And 2, preparing a data set. The original 3D points are used from the reference view to estimate a dense depth map D of the three-dimensional structure by semi-supervised training of the data set, taking as input the source image and the reference image.

And 3, training a network model. And (3) inputting the data set prepared in the step (2) into the network model constructed in the step (1) for training. And the data set uses DTUs during the training process; estimating the pose of a reconstructed object from a plurality of frames of images to carry out self-supervision learning training by calculating internal and external parameters of a camera in a data set; the method is characterized in that multi-frame pictures, calibrated camera parameters and depth information are used as input of the whole network, earth surface information matched with loss calculation is used as a label, and the problem that most of the fields of three-dimensional reconstruction can only be supervised training is solved.

And 4, designing a loss function and regressing. As for the loss designed in fig. 2, the depth information obtained by data enhancement consistent loss and the depth information obtained by depth perception loss are subjected to parallax comparison to obtain an effective earth surface depth value, the effective earth surface depth value is used as supervision and transmitted to the depth regression loss, the training of the model parameters can be considered to be completed until the training times reach a set threshold value or the value of the loss function reaches a set range, and the model parameters are stored; the obtained depth image can ensure the smoothness and the consistency of the depth image to be equivalent, can project the authenticity detail part of the surface of the object, and improves the matching reconstruction effect of the fused point cloud.

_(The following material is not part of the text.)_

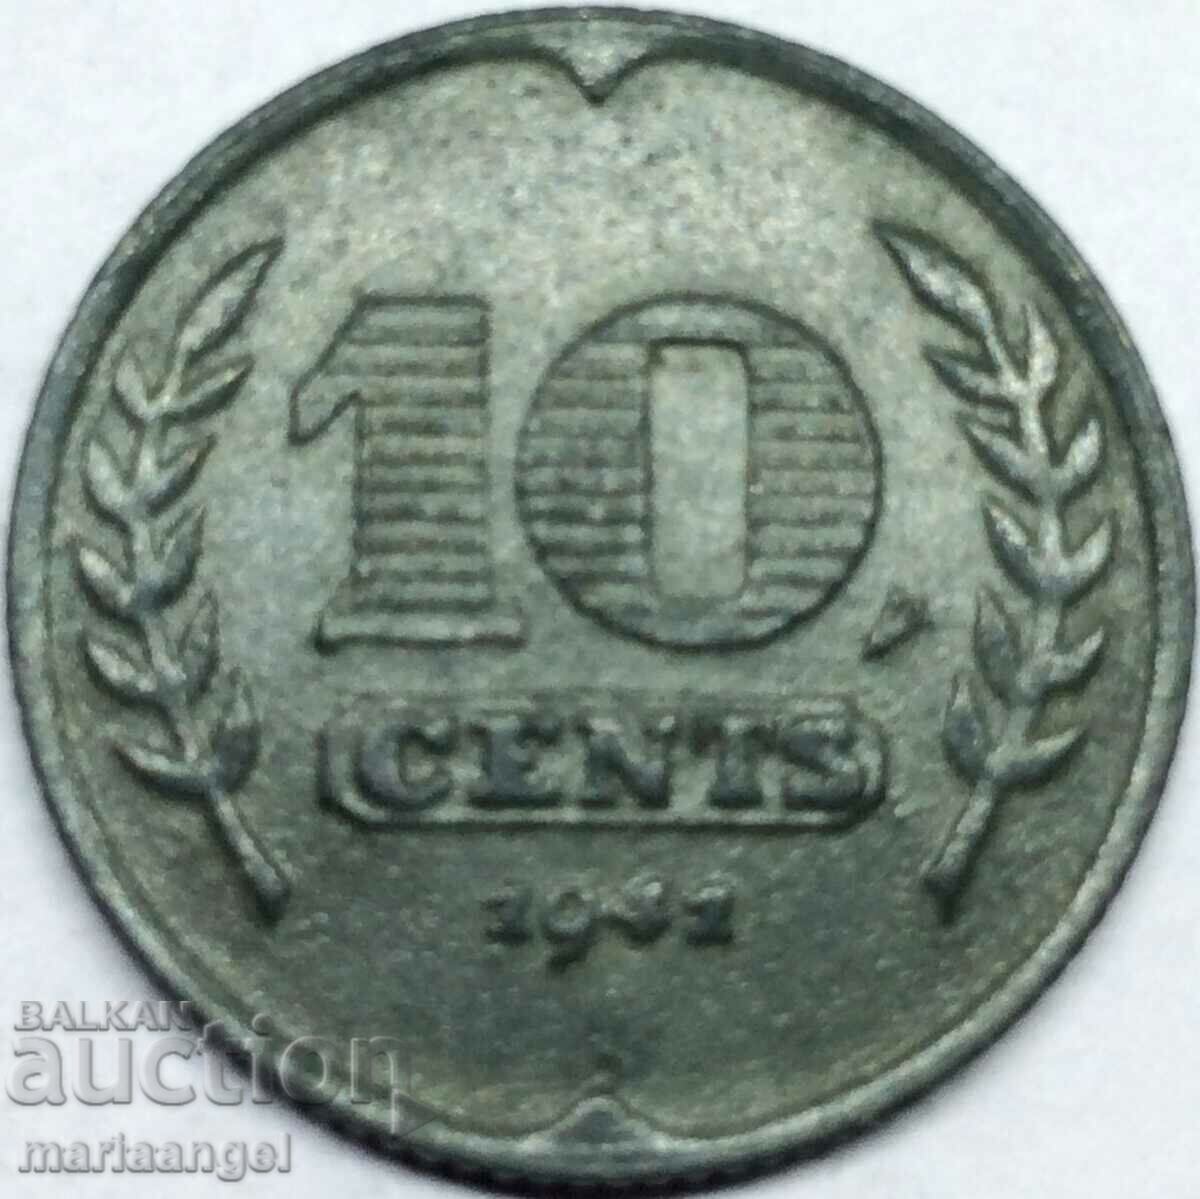 Netherlands 10 cents 1941 zinc - quite rare

And 5, storing the model and testing. And (3) solidifying the finally determined model parameters, and directly inputting the image into a network to obtain the final three-dimensional point cloud when point cloud fusion and reconstruction operation are required. The model is used for testing an ETH3D data set and a Tank & templates data set, and the generalization capability of the model is evaluated.

And 6, point cloud fusion and reconstruction. Fusing the three-dimensional point cloud obtained in the step 5, and checking the fused matching reconstruction effect by using MeshLab software; meanwhile, the accuracy and the integrity of the optimal evaluation index selection can effectively evaluate the efficiency of the algorithm and measure the action of the matching network.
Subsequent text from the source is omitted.